Comment from Uncle Badger
Time: June 2, 2007, 4:46 am

Mmmmm… ‘acoustic couplers’ they called ’em. My first taste of the bastiches was trying to send copy down one from a busy magazine office. If the cat farted, the guy at the receiving would get a page of crap instead of text for setting. I often wondered how he could tell.

Mind you we were high-tech. They ran at 300 baud. Oh, and the fax machine was kewl too. You had to strap individual sheets of silvery paper to the drum, which used to spin round and fill the room with the stink of ozone.

It was like Frankensetin’s lab in there.

We even had the monsters.

Comment from Steamboat McGoo
Time: June 2, 2007, 8:37 am

That’s the term I was trying to remember – acoustic coupler.
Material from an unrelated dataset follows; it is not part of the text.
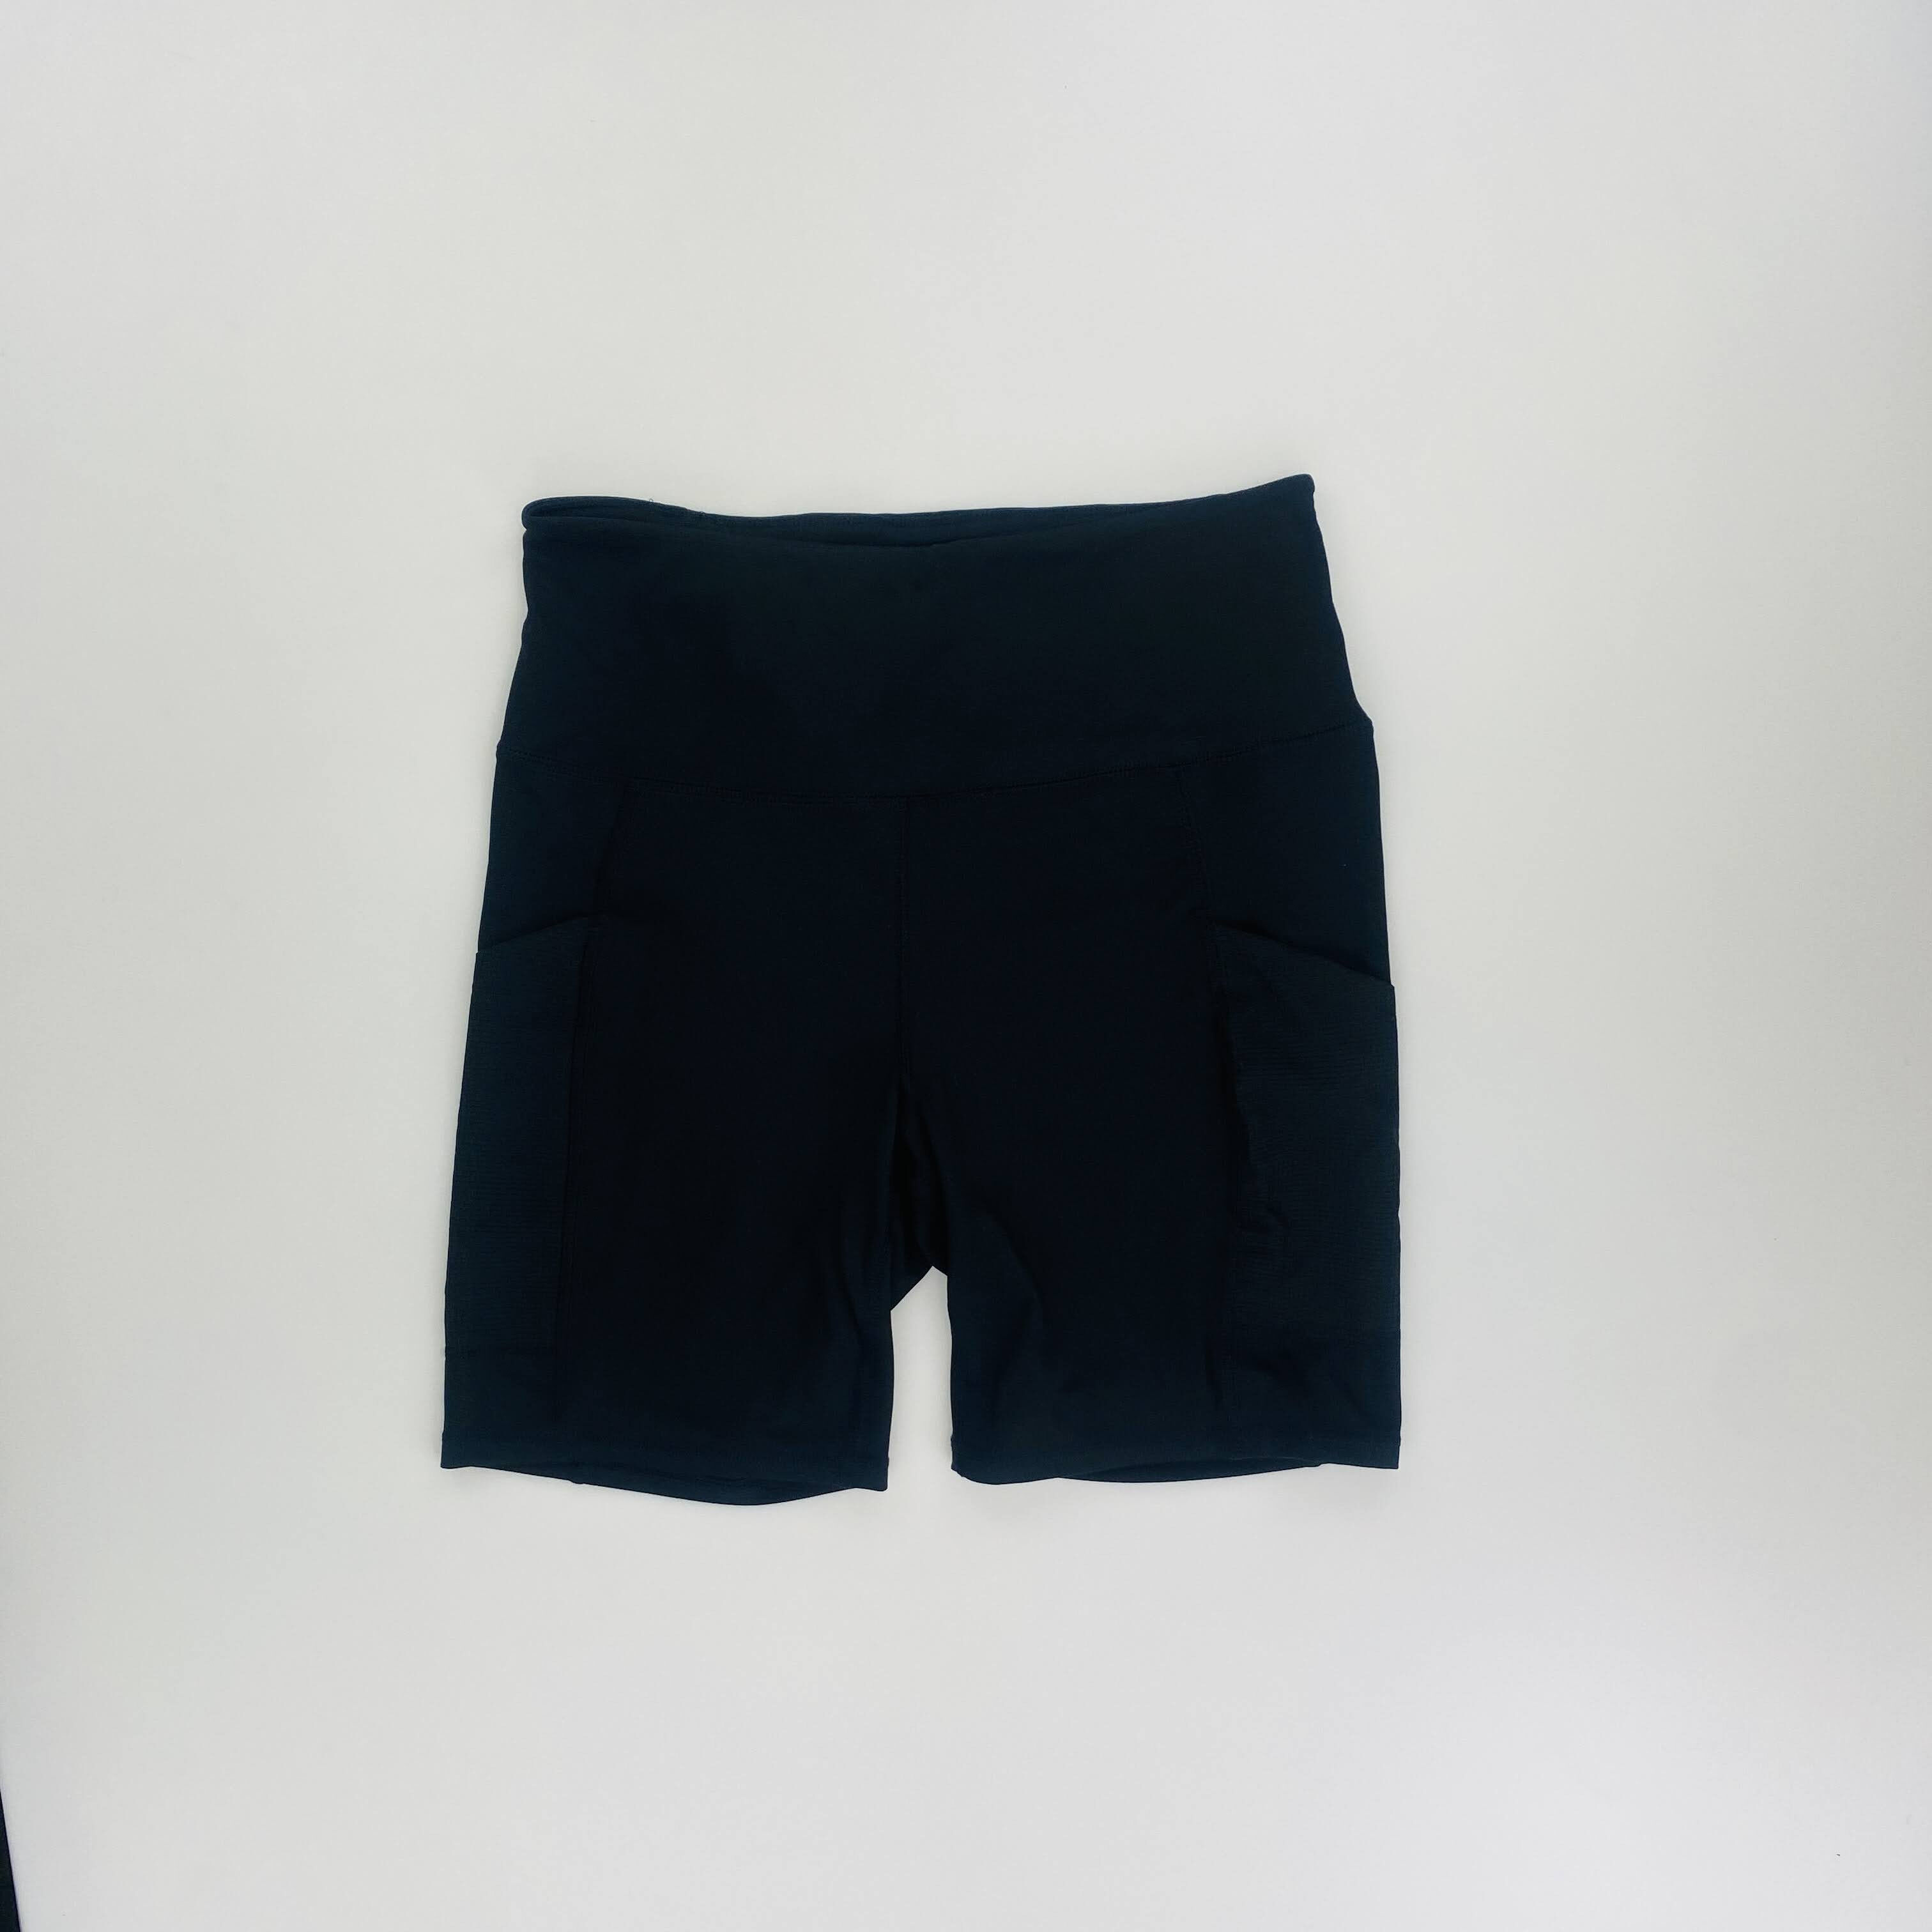 Wrangler Compression Short - Second Hand Shorts - Women's - Black - M | Hardloop

I assume the coupler hooked to a modem-like gadget inside. I don’t actually know the baud rate, but they were pretty much limited to audio speed since they used the actual speaker/microphone to send tones.

If ya give me a week, I’ll remember the original brand of BASIC. It weren’t Microsoft or IBM.
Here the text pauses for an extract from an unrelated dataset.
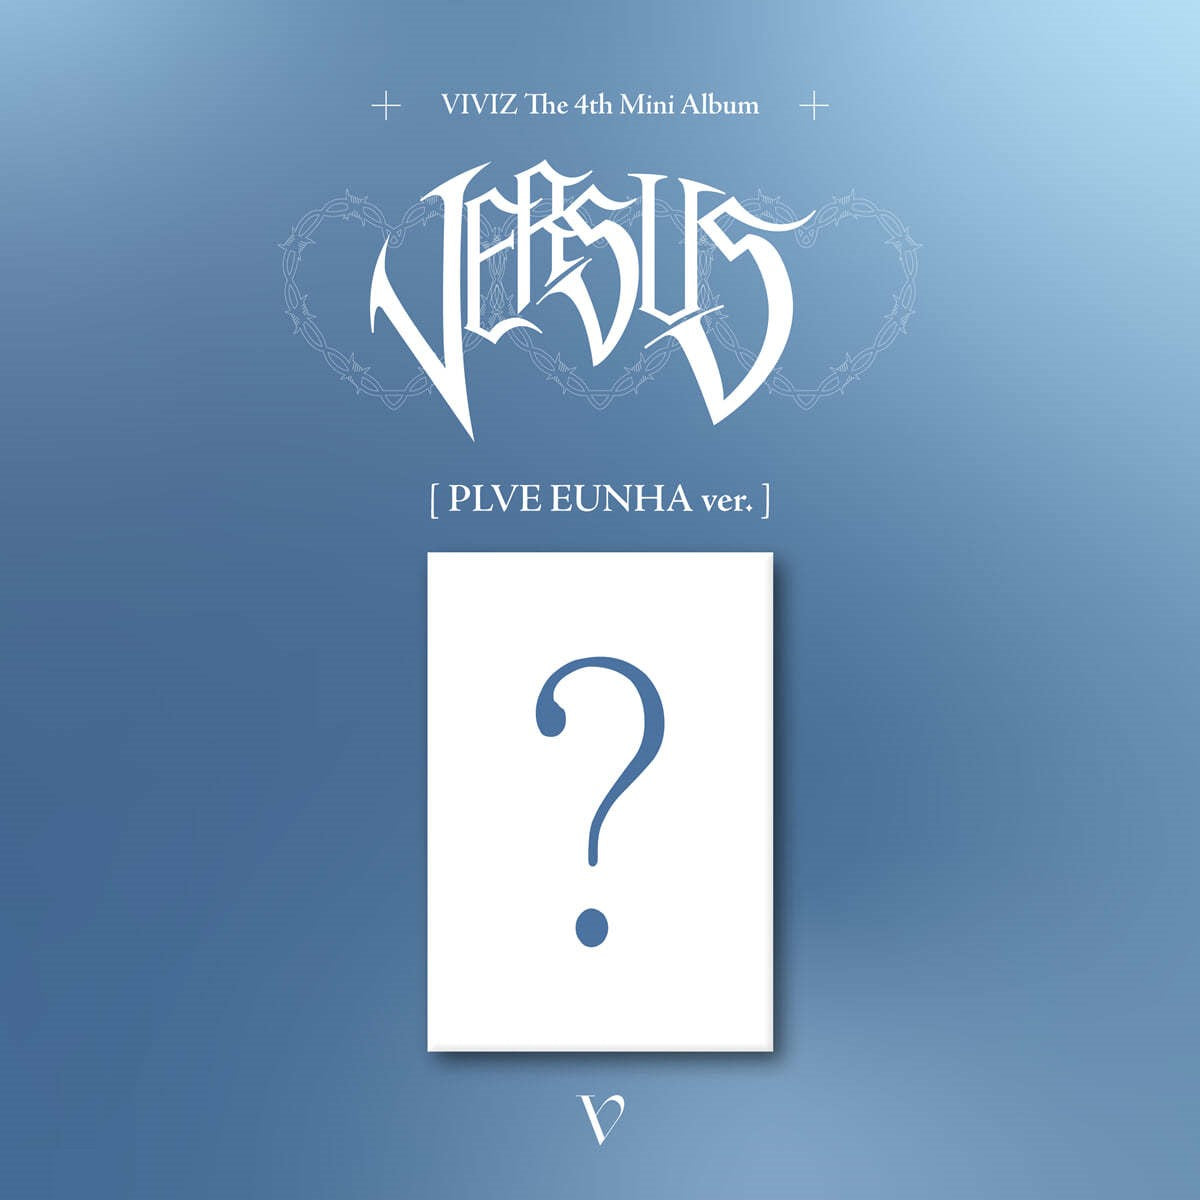 VANNER faz comeback com seu primeiro mini-álbum “VENI VIDI VICI”

Yes Badger, as we both know, it was primitive back then: if a sabertooth tiger roared or mastodon trumpeted nearby, the coupler really screwed up. 🙂

I never operated one of those spinny faxes. But I saw ’em in motion. Neato.

Comment from Gnus
Time: June 2, 2007, 2:22 pm

$stringvalue is all I’m sayin’.

I was at work at the first discount department store in Knoxville the day Kennedy was shot. I remember how quiet and empty the normally busy store got and how the drive home looked like a Sunday – nobody much out on the street. It was like a hush came over the world.

Yes, I’m ancient. 🙂

Comment from Fictitious Grandson McGoo
Time: June 2, 2007, 2:36 pm

*Sigh* All those old farts do is sit around telling “remember when” stories! I already bluetoothed them all to my I-pod and to Sis’s in Singapore, and posted ’em on the family website AND alternate d/l site. Geez!

Comment from Steamboat McGoo
Time: June 2, 2007, 2:40 pm

Your a minimalist, Gnus. I bet you’re truly lethal with assembler. No prisoners.

Comment from Gnus
Time: June 3, 2007, 7:30 pm

Push, pop, poke, mov, wiggle – like pron, I knows assembler when I sees it. That’s about it. Anything I wrote in ssembler would indeed be lethal, though not in a good way.

I’m gonna take up Lolcode.


Comment from S. Weasel
Time: June 3, 2007, 7:34 pm

The O’Rly Guide to Lolcode is one of the funniest things I’ve seen since…umm…that really funny thing I saw.

Includes updated GIMMEH scripts and CAN HAS examples.